FS#44848 - [coreutils] tr produces messy nonsense when using UTF-8 characters
Attached to Project:
Arch Linux
Opened by Mathias Steiger (mathiassteiger) - Monday, 04 May 2015, 13:58 GMT
Last edited by Sébastien Luttringer (seblu) - Wednesday, 13 May 2015, 22:43 GMT
Opened by Mathias Steiger (mathiassteiger) - Monday, 04 May 2015, 13:58 GMT
Last edited by Sébastien Luttringer (seblu) - Wednesday, 13 May 2015, 22:43 GMT
|
Details
/usr/bin/tr is owned by coreutils 8.23-1
Example: echo -en "asdgf\nadsfdssdsaf" | tr '\n' '≠' Expected output: asdgf≠adsfdssdsaf Actual output: asdgfâadsfdssdsaf Hex: 7361 6764 e266 6461 6673 7364 6473 6173 0066 Example: echo -en "asdgf\nadsfdssdsaf" | tr 'asd' '≠' Expected output: ≠gf\nadsfdssdsaf Actual output: ≠gf\n⠉f âf Hex: 89e2 67a0 0a66 a0e2 6689 89a0 a089 e289 0066 Example: echo -en "asdgf≠adsfdssdsaf" | tr '≠' '\n' Expected output: asdgf\nadsfdssdsaf Actual output: asdgf\n\nadsfdssdsaf Hex: 7361 6764 0a66 0a0a 6461 6673 7364 6473 6173 0066 This used to work for years now it is all weird. locale settings are irrelevant. Terminal used is irrelevant. Alias set is irrelevant. |
This task depends upon
Closed by Sébastien Luttringer (seblu)
Wednesday, 13 May 2015, 22:43 GMT
Reason for closing: Upstream
Wednesday, 13 May 2015, 22:43 GMT
Reason for closing: Upstream
Did you have reported this bug upstream?
<cut>
Currently ‘tr’ fully supports only single-byte characters.

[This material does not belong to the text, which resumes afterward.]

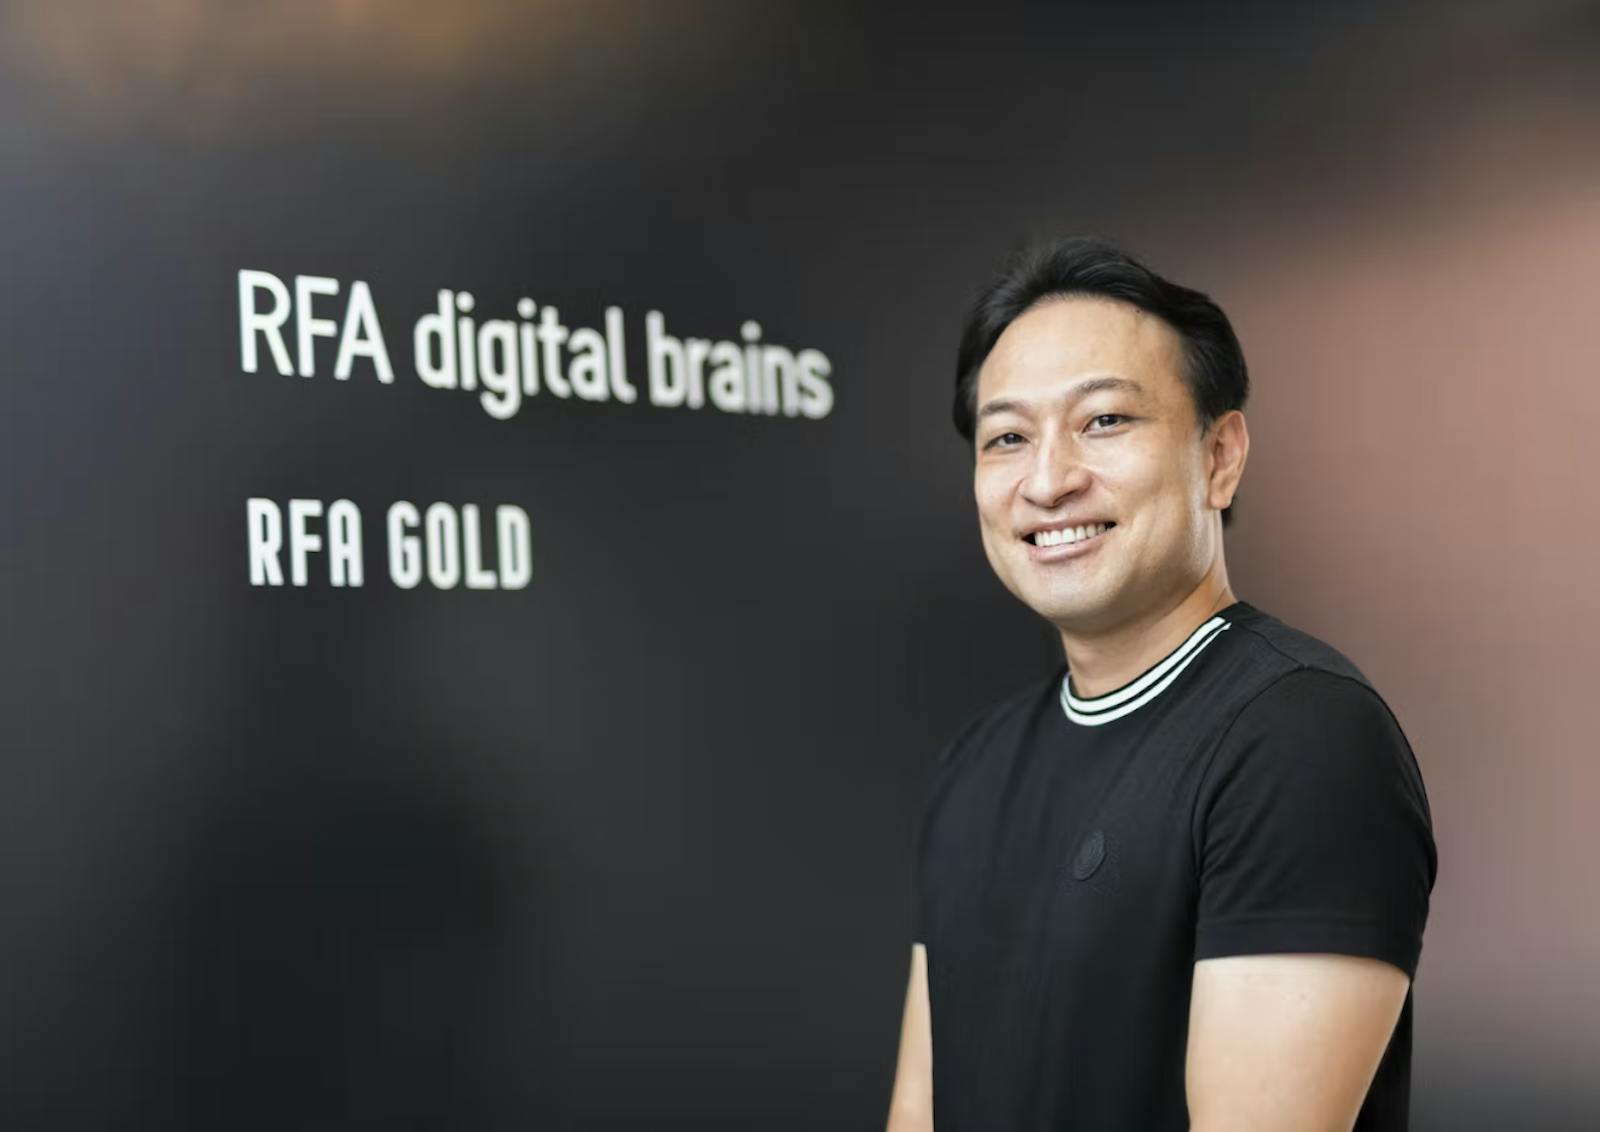 RFA digital brains株式会社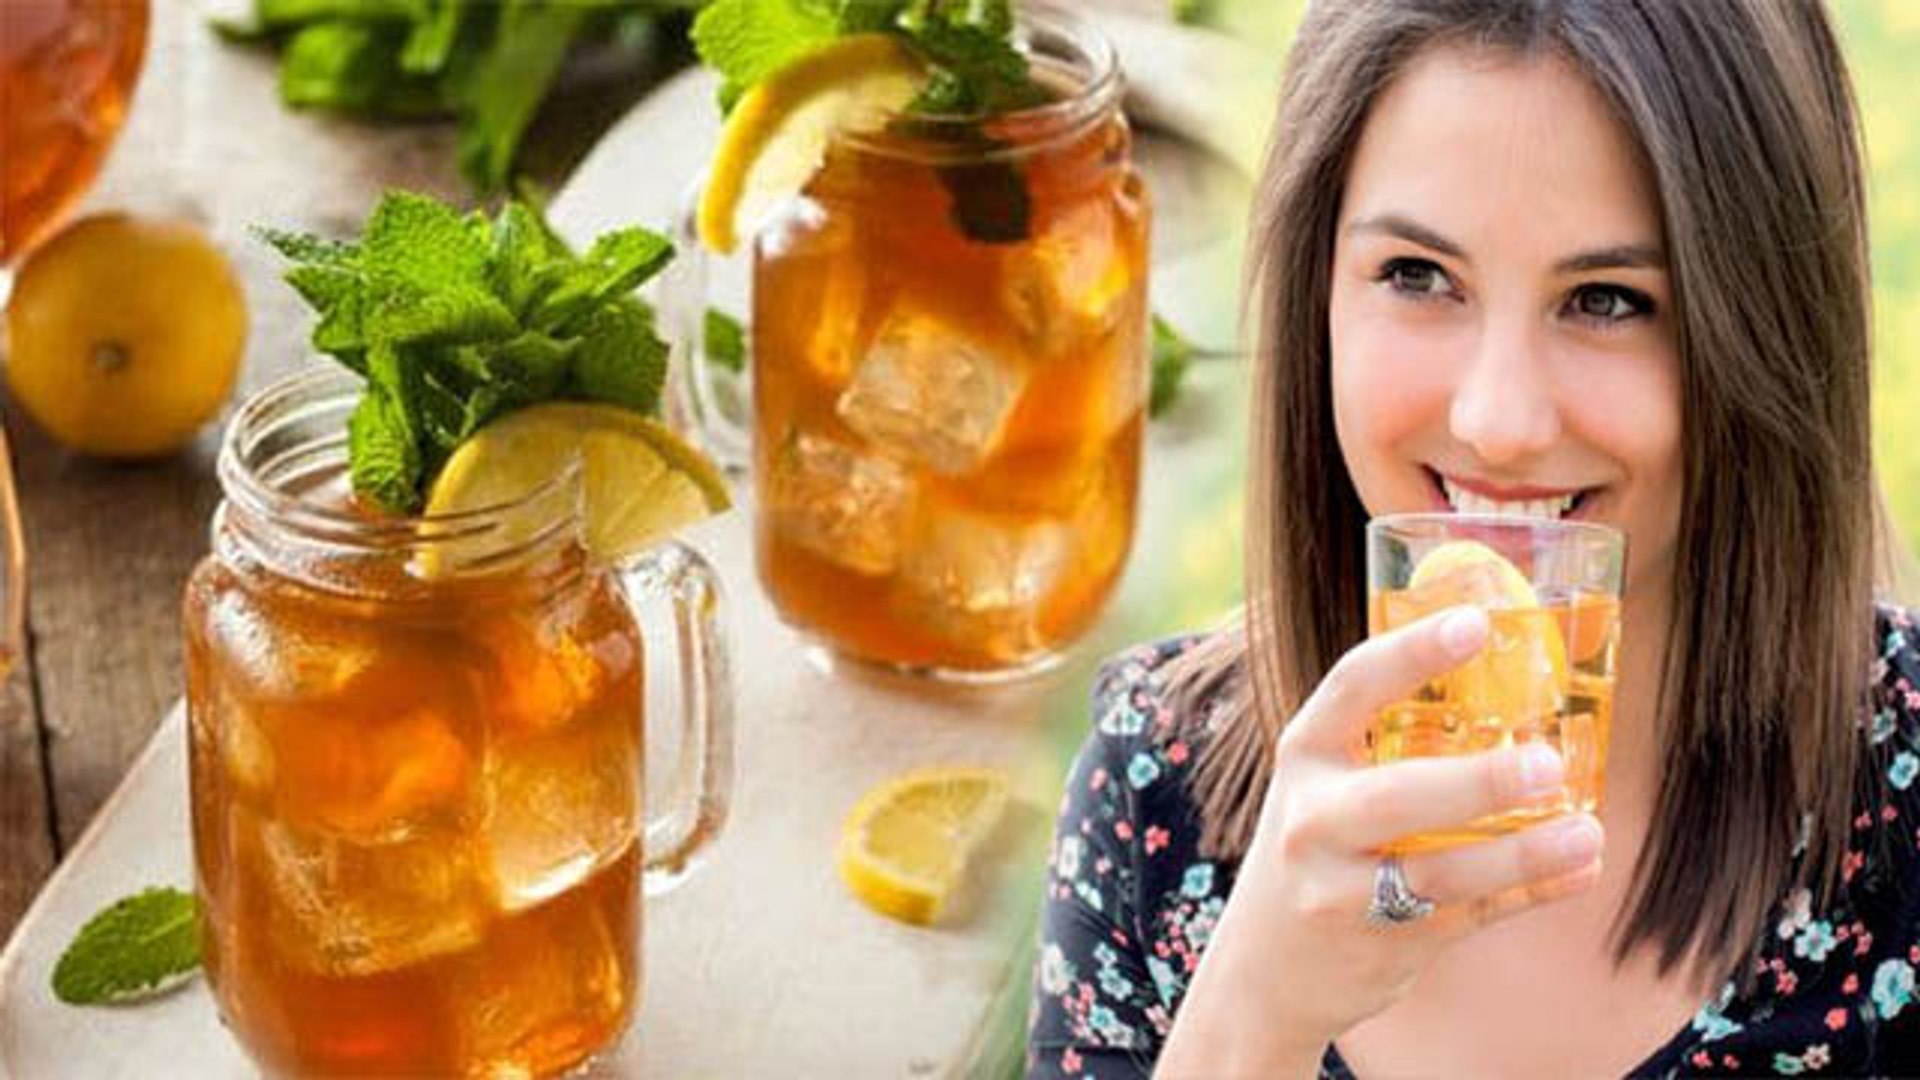 आइस टी पीने के फायदे और नुकसान | Ice Tea Pine ke Fayde aur Nuksan | Boldsky

Eventually it will support multibyte characters; when it does, the ‘-C’
option will cause it to complement the set of characters, whereas ‘-c’
will cause it to complement the set of values. This distinction will
matter only when some values are not characters, and this is possible
only in locales using multibyte encodings when the input contains
encoding errors.
</cut>
If it used to works for years, maybe upstream will accept your report. Nonetheless, I will close it here.